Using lipid composition similarity to connect lipid territories across time points, we observed that metabolically related territories occupied equivalent regions at each stage (Fig. 4h). As complexity increases during development, early lipid territories diversified, defining metabolic pseudolineages (Fig. 4h and Methods). Notably, unlike posterior territories, anterior metabolic regions did not appear to diversify, suggesting that their lipid composition is already defined at early stages (Fig. 4h). Supporting this finding, anterior territories at earlier stages harbored more diverse metabolic content than posterior ones (Extended Data Fig. 8b and Methods).

PC lipids underwent substantial spatial reorganization during development. Over time, a two-component structure emerged in PC lipid covariance, intriguingly revealing a partitioning according to unsaturation degree (Fig. 4i). PC species with fewer double bonds localized more anteriorly, mainly in the head, while those with more unsaturations were found posteriorly (Fig. 4j and Extended Data Fig. 8c–e).

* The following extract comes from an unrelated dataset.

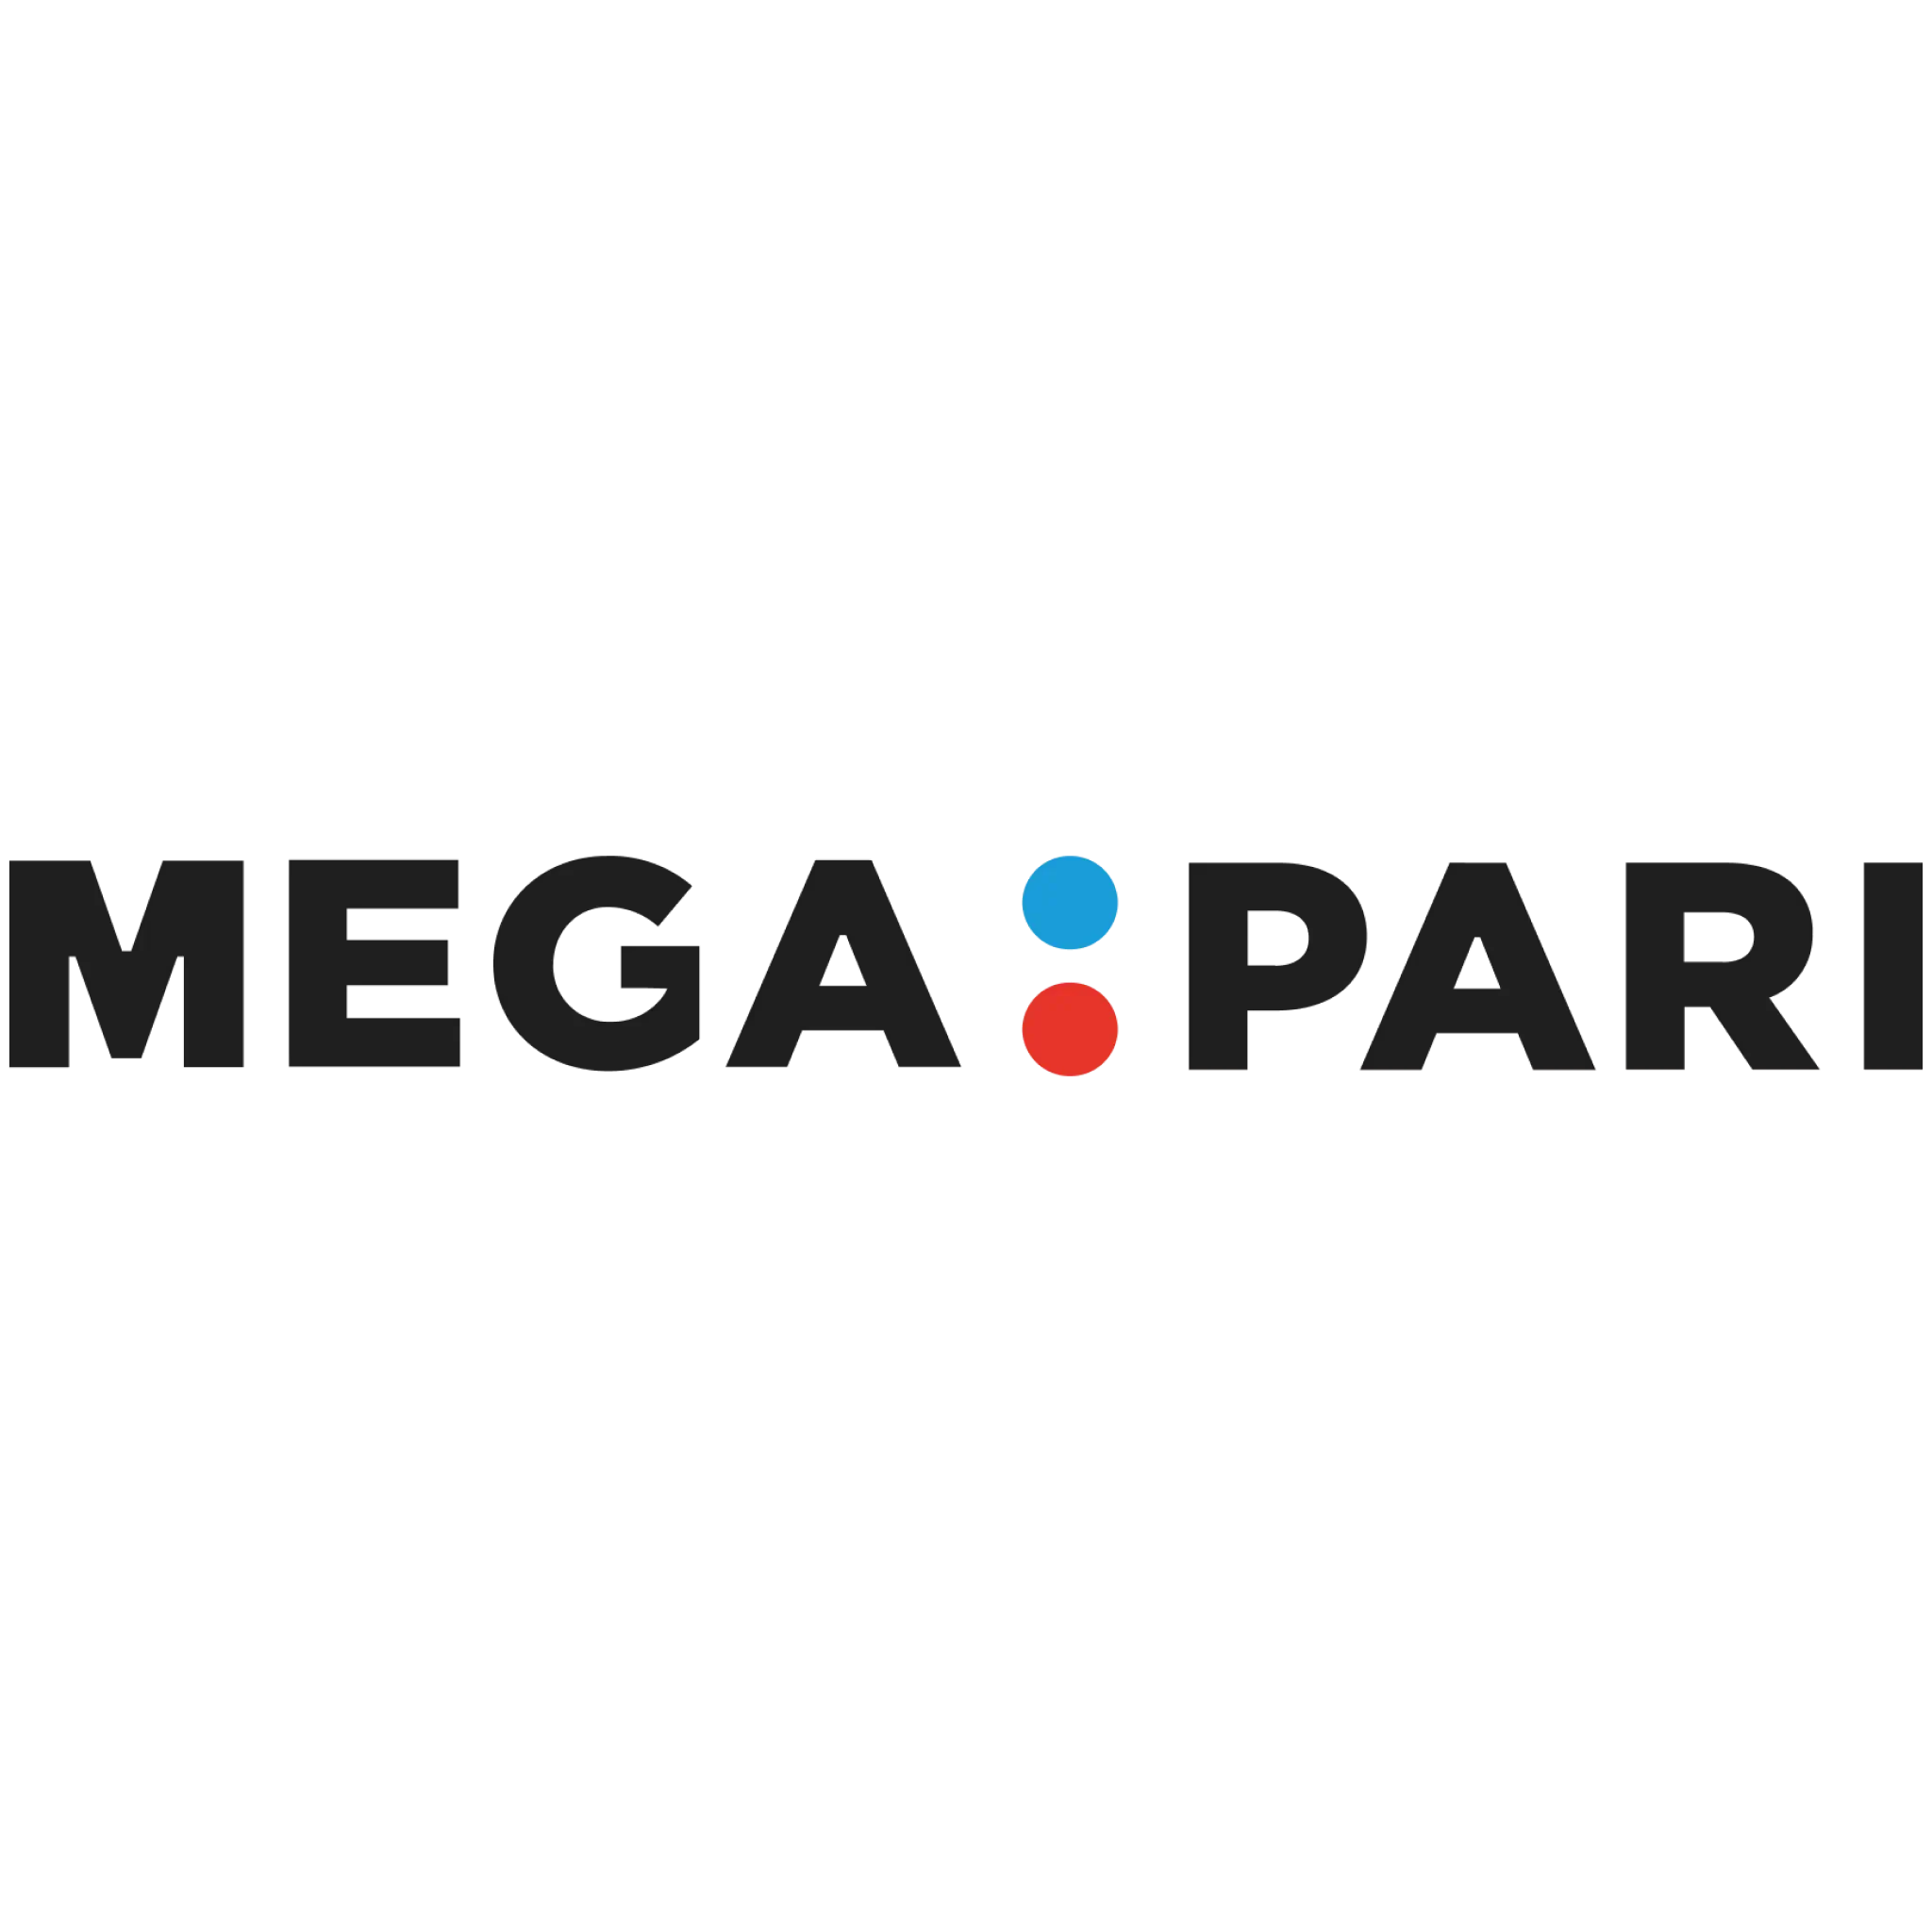 Megapari Review

Overall, this analysis indicates that lipids finely diversify spatiotemporally during development. Biochemical remodeling and lipid territory emergence occur over time, with increasing complexity present as development proceeds. Importantly, these results, revealed by spatial analysis, were not deducible from bulk lipidomic experiments.

Lipid-defined anatomy of a zebrafish embryo at 72 hpf

The compelling finding that lipid metabolism is spatially organized motivated us to directly investigate the correspondence between anatomical structures and biochemical organization. We focused on the zebrafish at 72 hpf, the most mature time point in our dataset, as it harbored the greatest complexity in tissue lipid composition.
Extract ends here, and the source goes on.